Geographic Representativeness of a Web-Based Smoking Cessation Intervention: Reach Equity Analysis
- PMID: 30355557
- PMCID: PMC6231756
- DOI: 10.2196/11668
Geographic Representativeness of a Web-Based Smoking Cessation Intervention: Reach Equity Analysis
Abstract
Background: Cigarette smoking is the leading cause of preventable death and disease in the United States. Smoking prevalence is higher in rural areas than in metropolitan areas, due partly to differences in access to cessation treatment. With internet use at 89% of all US adults, digital approaches could increase use of cessation treatment and reduce smoking.
Objective: We investigated the extent to which smokers from rural areas use a digital cessation resource. We compared the geographic distribution of registered users of a free Web-based smoking cessation program with the geographic distribution of US smokers.
Methods: We mapped user-provided ZIP codes to Rural-Urban Continuum Codes. A total of 59,050 of 118,574 users (49.80%) provided valid ZIP codes from 2013 to 2017. We used US National Survey of Drug Use and Health data from 2013 to 2017 to compare the geographic distribution of our sample of Web-based cessation users with the geographic distribution of US smokers. Reach ratios and 95% confidence intervals quantified the extent to which rural smokers' representation in the sample was proportionate to their representation in the national smoking population. Reach ratios less than 1 indicate underrepresentation.

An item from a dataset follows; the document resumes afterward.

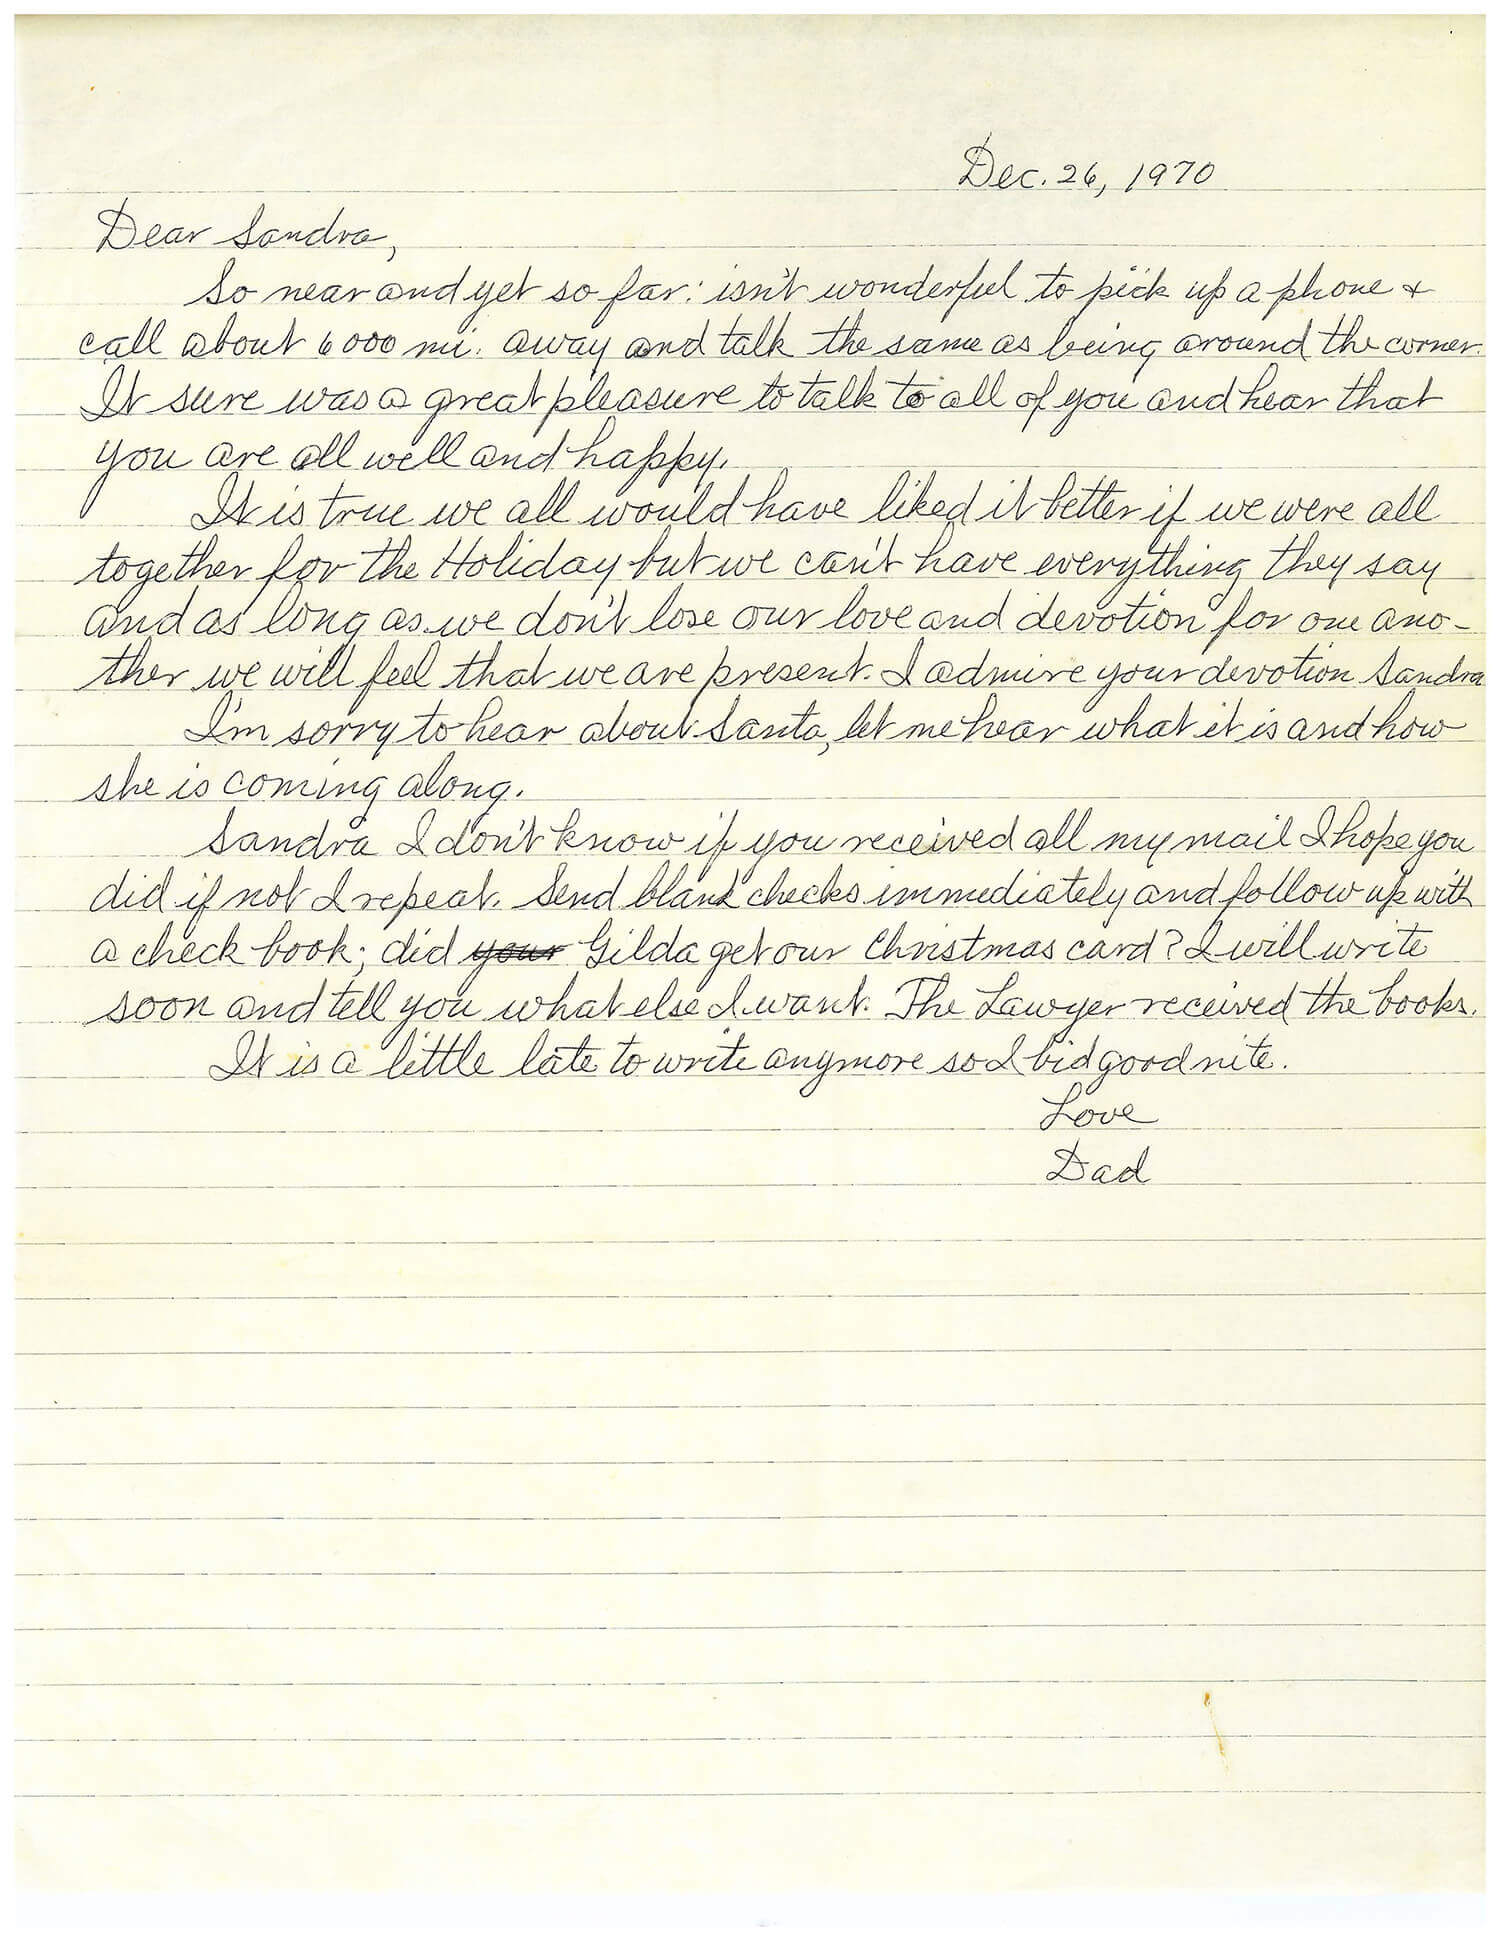 154. A SIGNED LETTER FROM MEYER LANSKY TO HIS DAUGHTER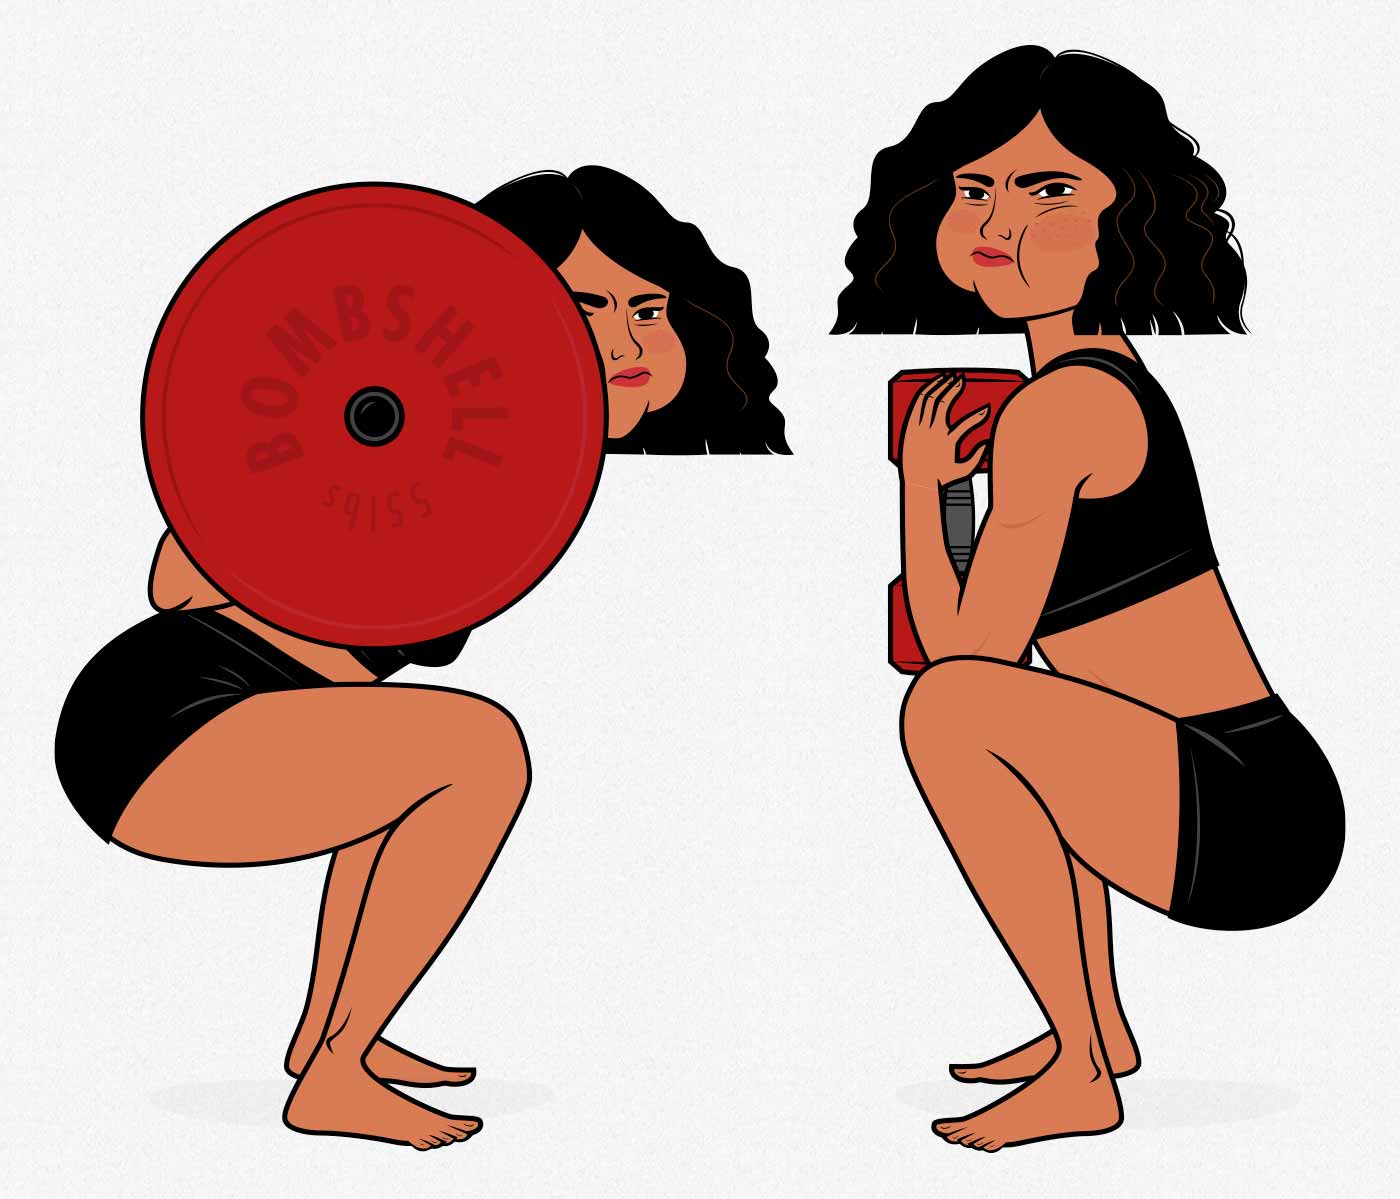 Illustration of women using a barbell or dumbbell home gym to gain muscle and strength at home.

Results: Smokers from rural areas were significantly underrepresented in 2013 (reach ratio 0.89, 95% CI 0.87-0.91) and 2014 (reach ratio 0.89, 95% CI 0.86-0.92), proportionally represented in 2015 (reach ratio 1.08, 95% CI 1.02-1.14) and 2016 (reach ratio 1.03, 95% CI 0.94-1.14), and proportionally overrepresented in 2017 (reach ratio 1.16, 95% CI 1.12-1.21). Smokers from Large Metro areas were proportionally represented in 2013 and 2014 but underrepresented in 2015 (reach ratio 0.97, 95% CI 0.94-1.00), 2016 (reach ratio 0.89, 95% CI 0.85-0.94), and 2017 (reach ratio 0.89, 95% CI 0.86-0.91).
Conclusions: Results suggest that smokers from rural areas are more than proportionally reached by a long-standing digital cessation intervention. The underrepresentation of smokers from Large Metro areas warrants further study.
Keywords: health behavior; health equity; internet; population health; rural health; smoking cessation; telemedicine; urban health.
©Michael S Amato, Amanda L Graham. Originally published in the Journal of Medical Internet Research (http://www.jmir.org), 24.10.2018.
Conflict of interest statement
Conflicts of Interest: Both authors are employed by Truth Initiative, which runs BecomeAnEX and This Is Quitting, digital cessation resources available free to consumers and licensed to tobacco control clients.